64. UNWR TS 5.6, Reactor Building. Please verify that the bases for the current TS are consistent with the conversion safety analysis report.
65. Section 15.2. The NRC supports restating license conditions to make the conditions clearer to understand. Also, the exempt status table in the license condition is not needed with the conversion to LEU. The requirements of 10 CFR 73.6 applies to your special nuclear material the table not withstanding. An example of a restated license condition based on your proposed possession limits is as follows:

2.B.(2) Pursuant to the Act and 10 CFR Part 70, "Domestic Licensing of Special Nuclear Material,"

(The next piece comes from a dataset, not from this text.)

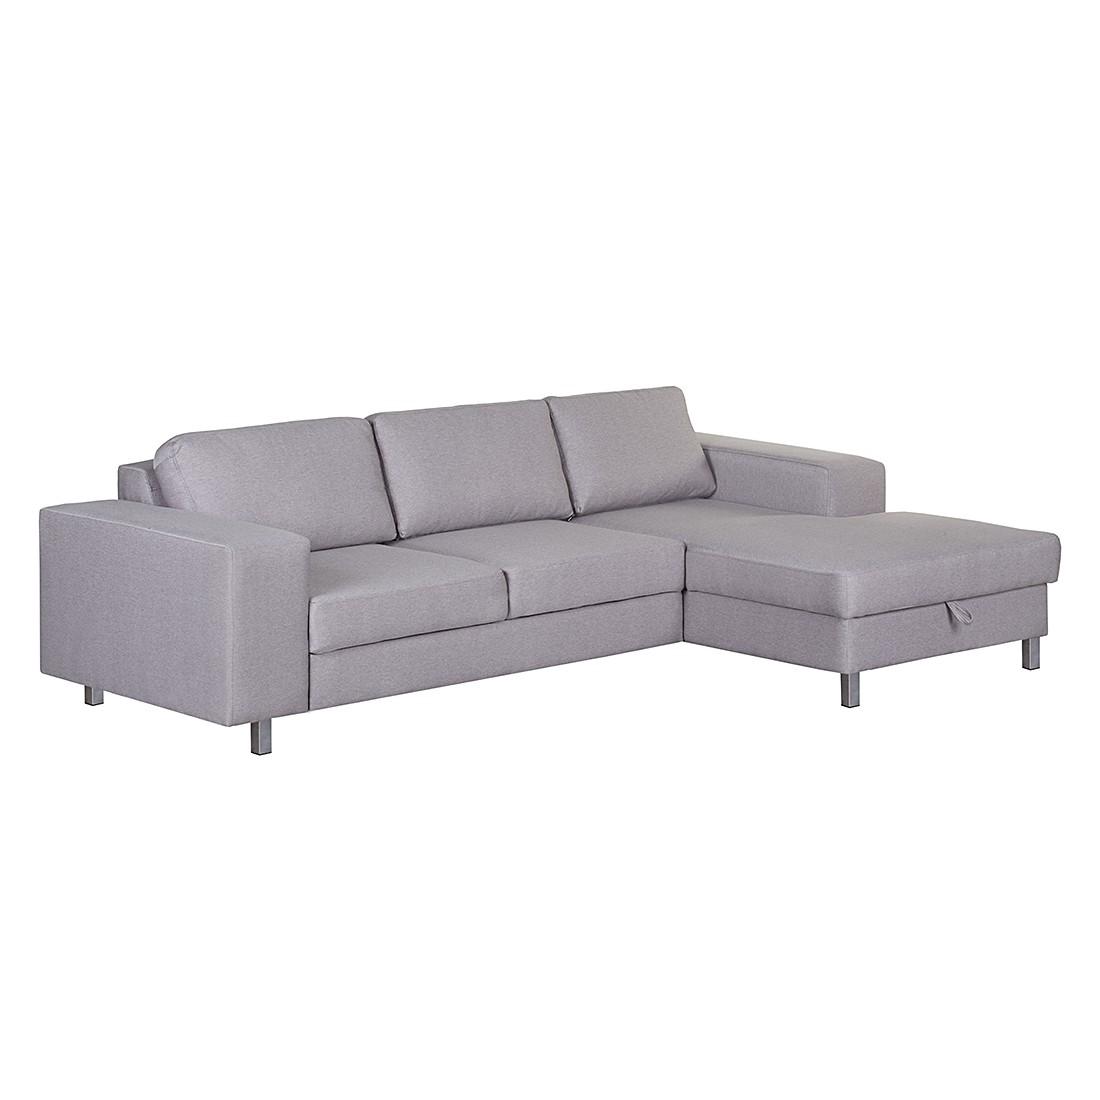 ecksofa recife mit schlaffunktion webstoff longchair ottomane davorstehend rechts grau. Black Bedroom Furniture Sets. Home Design Ideas

a. to receive, possess and use, in connection with operation of the facility, up to 15.0 kilograms of contained uranium-235 enriched to less than 20 percent in the form of TRIGA reactor fuel;
b. to receive, possess and use, in connection with operation of the facility, up to 150 grams of contained uranium-235 of any enrichment in the form of neutron detectors;
c. to receive, possess and use, in connection with operation of the facility, up to 16 grams of contained plutonium in the form of plutonium-beryllium neutron source;
d. to receive, possess, use, but not separate, in connection with operation of the facility, such special nuclear material as may be produced by operation of the facility; and
e. to possess, but not use, up to 18.0 kilograms of contained uranium-235 at equal to or greater than 20 percent enrichment in the form of TRIGA fuel until the existing inventory of this fuel is removed from the facility.

Please provide a bases for your proposed LEU possess limit of 15 kilograms of contained uranium-235.